--- RECORDED DATA ---
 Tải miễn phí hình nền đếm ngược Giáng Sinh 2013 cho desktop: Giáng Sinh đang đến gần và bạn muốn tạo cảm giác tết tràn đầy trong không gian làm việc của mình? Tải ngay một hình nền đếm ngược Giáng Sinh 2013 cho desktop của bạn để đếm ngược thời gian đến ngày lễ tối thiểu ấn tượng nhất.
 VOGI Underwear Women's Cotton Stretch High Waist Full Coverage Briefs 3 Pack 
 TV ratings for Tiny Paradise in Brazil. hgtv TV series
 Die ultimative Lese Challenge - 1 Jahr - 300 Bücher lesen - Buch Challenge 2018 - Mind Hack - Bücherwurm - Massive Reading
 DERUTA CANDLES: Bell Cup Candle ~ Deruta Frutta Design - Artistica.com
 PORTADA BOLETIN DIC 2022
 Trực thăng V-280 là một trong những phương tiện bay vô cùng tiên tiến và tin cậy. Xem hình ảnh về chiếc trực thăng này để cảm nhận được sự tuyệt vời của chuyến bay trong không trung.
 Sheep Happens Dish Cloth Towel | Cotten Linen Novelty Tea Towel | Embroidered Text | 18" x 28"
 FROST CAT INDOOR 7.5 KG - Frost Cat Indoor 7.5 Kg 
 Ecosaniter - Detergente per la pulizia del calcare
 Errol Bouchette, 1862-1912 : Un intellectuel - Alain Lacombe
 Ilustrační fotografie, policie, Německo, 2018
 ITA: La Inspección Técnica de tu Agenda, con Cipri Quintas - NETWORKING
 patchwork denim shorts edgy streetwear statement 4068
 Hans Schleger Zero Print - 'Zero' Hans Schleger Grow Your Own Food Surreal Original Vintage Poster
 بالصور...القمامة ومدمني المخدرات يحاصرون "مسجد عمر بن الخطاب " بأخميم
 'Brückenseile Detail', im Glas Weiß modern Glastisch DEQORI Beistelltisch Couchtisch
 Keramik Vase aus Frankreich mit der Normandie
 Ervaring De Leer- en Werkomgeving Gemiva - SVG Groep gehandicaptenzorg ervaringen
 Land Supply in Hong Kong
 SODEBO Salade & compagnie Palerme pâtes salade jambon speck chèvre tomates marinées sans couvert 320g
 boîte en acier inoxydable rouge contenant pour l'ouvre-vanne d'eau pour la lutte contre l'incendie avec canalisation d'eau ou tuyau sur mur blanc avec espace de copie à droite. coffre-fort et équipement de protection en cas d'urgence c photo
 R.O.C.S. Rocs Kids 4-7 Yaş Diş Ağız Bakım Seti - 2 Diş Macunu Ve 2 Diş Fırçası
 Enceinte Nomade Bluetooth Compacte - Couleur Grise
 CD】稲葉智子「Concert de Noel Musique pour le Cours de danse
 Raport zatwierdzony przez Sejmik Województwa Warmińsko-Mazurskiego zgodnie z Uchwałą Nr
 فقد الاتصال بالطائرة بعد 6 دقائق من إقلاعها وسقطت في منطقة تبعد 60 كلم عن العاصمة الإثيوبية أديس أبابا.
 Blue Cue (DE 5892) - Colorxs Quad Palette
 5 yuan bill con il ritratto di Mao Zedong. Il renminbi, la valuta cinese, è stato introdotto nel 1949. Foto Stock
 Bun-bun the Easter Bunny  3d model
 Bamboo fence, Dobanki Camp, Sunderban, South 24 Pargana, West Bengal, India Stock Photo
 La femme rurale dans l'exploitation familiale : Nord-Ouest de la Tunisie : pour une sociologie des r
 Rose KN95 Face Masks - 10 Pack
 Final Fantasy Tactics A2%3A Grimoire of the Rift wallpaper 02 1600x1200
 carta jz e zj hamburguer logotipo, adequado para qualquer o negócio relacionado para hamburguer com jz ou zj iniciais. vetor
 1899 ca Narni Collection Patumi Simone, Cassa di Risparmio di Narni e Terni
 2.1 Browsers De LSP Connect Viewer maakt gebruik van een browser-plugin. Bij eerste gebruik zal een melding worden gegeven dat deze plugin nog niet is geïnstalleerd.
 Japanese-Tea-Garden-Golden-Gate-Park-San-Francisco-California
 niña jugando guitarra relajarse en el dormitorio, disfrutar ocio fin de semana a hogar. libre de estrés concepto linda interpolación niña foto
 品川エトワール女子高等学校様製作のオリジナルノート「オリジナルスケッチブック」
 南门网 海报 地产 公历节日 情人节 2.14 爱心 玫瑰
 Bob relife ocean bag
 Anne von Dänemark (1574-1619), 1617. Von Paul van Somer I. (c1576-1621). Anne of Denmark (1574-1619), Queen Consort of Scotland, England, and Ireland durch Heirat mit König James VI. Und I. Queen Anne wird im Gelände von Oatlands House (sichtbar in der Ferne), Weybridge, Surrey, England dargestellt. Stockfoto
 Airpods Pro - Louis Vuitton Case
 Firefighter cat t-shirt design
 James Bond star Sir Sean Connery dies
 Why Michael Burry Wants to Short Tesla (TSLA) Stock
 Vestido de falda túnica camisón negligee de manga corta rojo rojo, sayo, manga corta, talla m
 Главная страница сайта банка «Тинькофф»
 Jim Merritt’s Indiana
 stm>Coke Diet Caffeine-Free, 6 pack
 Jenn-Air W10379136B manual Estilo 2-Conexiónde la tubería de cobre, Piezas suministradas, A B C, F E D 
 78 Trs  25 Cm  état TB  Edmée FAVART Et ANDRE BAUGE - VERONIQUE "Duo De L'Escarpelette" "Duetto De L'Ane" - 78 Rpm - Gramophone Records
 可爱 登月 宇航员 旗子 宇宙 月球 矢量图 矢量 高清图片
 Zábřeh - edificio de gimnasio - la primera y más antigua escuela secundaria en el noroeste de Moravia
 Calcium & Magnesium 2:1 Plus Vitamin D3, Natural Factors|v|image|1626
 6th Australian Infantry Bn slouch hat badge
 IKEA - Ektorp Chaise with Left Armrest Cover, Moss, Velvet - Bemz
---
Every record must be transcribed exactly, with no line skipped.

RESPONSE FOR THIS EXERCISE
 Tải miễn phí hình nền đếm ngược Giáng Sinh 2013 cho desktop: Giáng Sinh đang đến gần và bạn muốn tạo cảm giác tết tràn đầy trong không gian làm việc của mình? Tải ngay một hình nền đếm ngược Giáng Sinh 2013 cho desktop của bạn để đếm ngược thời gian đến ngày lễ tối thiểu ấn tượng nhất.
 VOGI Underwear Women's Cotton Stretch High Waist Full Coverage Briefs 3 Pack 
 TV ratings for Tiny Paradise in Brazil. hgtv TV series
 Die ultimative Lese Challenge - 1 Jahr - 300 Bücher lesen - Buch Challenge 2018 - Mind Hack - Bücherwurm - Massive Reading
 DERUTA CANDLES: Bell Cup Candle ~ Deruta Frutta Design - Artistica.com
 PORTADA BOLETIN DIC 2022
 Trực thăng V-280 là một trong những phương tiện bay vô cùng tiên tiến và tin cậy. Xem hình ảnh về chiếc trực thăng này để cảm nhận được sự tuyệt vời của chuyến bay trong không trung.
 Sheep Happens Dish Cloth Towel | Cotten Linen Novelty Tea Towel | Embroidered Text | 18" x 28"
 FROST CAT INDOOR 7.5 KG - Frost Cat Indoor 7.5 Kg 
 Ecosaniter - Detergente per la pulizia del calcare
 Errol Bouchette, 1862-1912 : Un intellectuel - Alain Lacombe
 Ilustrační fotografie, policie, Německo, 2018
 ITA: La Inspección Técnica de tu Agenda, con Cipri Quintas - NETWORKING
 patchwork denim shorts edgy streetwear statement 4068
 Hans Schleger Zero Print - 'Zero' Hans Schleger Grow Your Own Food Surreal Original Vintage Poster
 بالصور...القمامة ومدمني المخدرات يحاصرون "مسجد عمر بن الخطاب " بأخميم
 'Brückenseile Detail', im Glas Weiß modern Glastisch DEQORI Beistelltisch Couchtisch
 Keramik Vase aus Frankreich mit der Normandie
 Ervaring De Leer- en Werkomgeving Gemiva - SVG Groep gehandicaptenzorg ervaringen
 Land Supply in Hong Kong
 SODEBO Salade & compagnie Palerme pâtes salade jambon speck chèvre tomates marinées sans couvert 320g
 boîte en acier inoxydable rouge contenant pour l'ouvre-vanne d'eau pour la lutte contre l'incendie avec canalisation d'eau ou tuyau sur mur blanc avec espace de copie à droite. coffre-fort et équipement de protection en cas d'urgence c photo
 R.O.C.S. Rocs Kids 4-7 Yaş Diş Ağız Bakım Seti - 2 Diş Macunu Ve 2 Diş Fırçası
 Enceinte Nomade Bluetooth Compacte - Couleur Grise
 CD】稲葉智子「Concert de Noel Musique pour le Cours de danse
 Raport zatwierdzony przez Sejmik Województwa Warmińsko-Mazurskiego zgodnie z Uchwałą Nr
 فقد الاتصال بالطائرة بعد 6 دقائق من إقلاعها وسقطت في منطقة تبعد 60 كلم عن العاصمة الإثيوبية أديس أبابا.
 Blue Cue (DE 5892) - Colorxs Quad Palette
 5 yuan bill con il ritratto di Mao Zedong. Il renminbi, la valuta cinese, è stato introdotto nel 1949. Foto Stock
 Bun-bun the Easter Bunny  3d model
 Bamboo fence, Dobanki Camp, Sunderban, South 24 Pargana, West Bengal, India Stock Photo
 La femme rurale dans l'exploitation familiale : Nord-Ouest de la Tunisie : pour une sociologie des r
 Rose KN95 Face Masks - 10 Pack
 Final Fantasy Tactics A2%3A Grimoire of the Rift wallpaper 02 1600x1200
 carta jz e zj hamburguer logotipo, adequado para qualquer o negócio relacionado para hamburguer com jz ou zj iniciais. vetor
 1899 ca Narni Collection Patumi Simone, Cassa di Risparmio di Narni e Terni
 2.1 Browsers De LSP Connect Viewer maakt gebruik van een browser-plugin. Bij eerste gebruik zal een melding worden gegeven dat deze plugin nog niet is geïnstalleerd.
 Japanese-Tea-Garden-Golden-Gate-Park-San-Francisco-California
 niña jugando guitarra relajarse en el dormitorio, disfrutar ocio fin de semana a hogar. libre de estrés concepto linda interpolación niña foto
 品川エトワール女子高等学校様製作のオリジナルノート「オリジナルスケッチブック」
 南门网 海报 地产 公历节日 情人节 2.14 爱心 玫瑰
 Bob relife ocean bag
 Anne von Dänemark (1574-1619), 1617. Von Paul van Somer I. (c1576-1621). Anne of Denmark (1574-1619), Queen Consort of Scotland, England, and Ireland durch Heirat mit König James VI. Und I. Queen Anne wird im Gelände von Oatlands House (sichtbar in der Ferne), Weybridge, Surrey, England dargestellt. Stockfoto
 Airpods Pro - Louis Vuitton Case
 Firefighter cat t-shirt design
 James Bond star Sir Sean Connery dies
 Why Michael Burry Wants to Short Tesla (TSLA) Stock
 Vestido de falda túnica camisón negligee de manga corta rojo rojo, sayo, manga corta, talla m
 Главная страница сайта банка «Тинькофф»
 Jim Merritt’s Indiana
 stm>Coke Diet Caffeine-Free, 6 pack
 Jenn-Air W10379136B manual Estilo 2-Conexiónde la tubería de cobre, Piezas suministradas, A B C, F E D 
 78 Trs  25 Cm  état TB  Edmée FAVART Et ANDRE BAUGE - VERONIQUE "Duo De L'Escarpelette" "Duetto De L'Ane" - 78 Rpm - Gramophone Records
 可爱 登月 宇航员 旗子 宇宙 月球 矢量图 矢量 高清图片
 Zábřeh - edificio de gimnasio - la primera y más antigua escuela secundaria en el noroeste de Moravia
 Calcium & Magnesium 2:1 Plus Vitamin D3, Natural Factors|v|image|1626
 6th Australian Infantry Bn slouch hat badge
 IKEA - Ektorp Chaise with Left Armrest Cover, Moss, Velvet - Bemz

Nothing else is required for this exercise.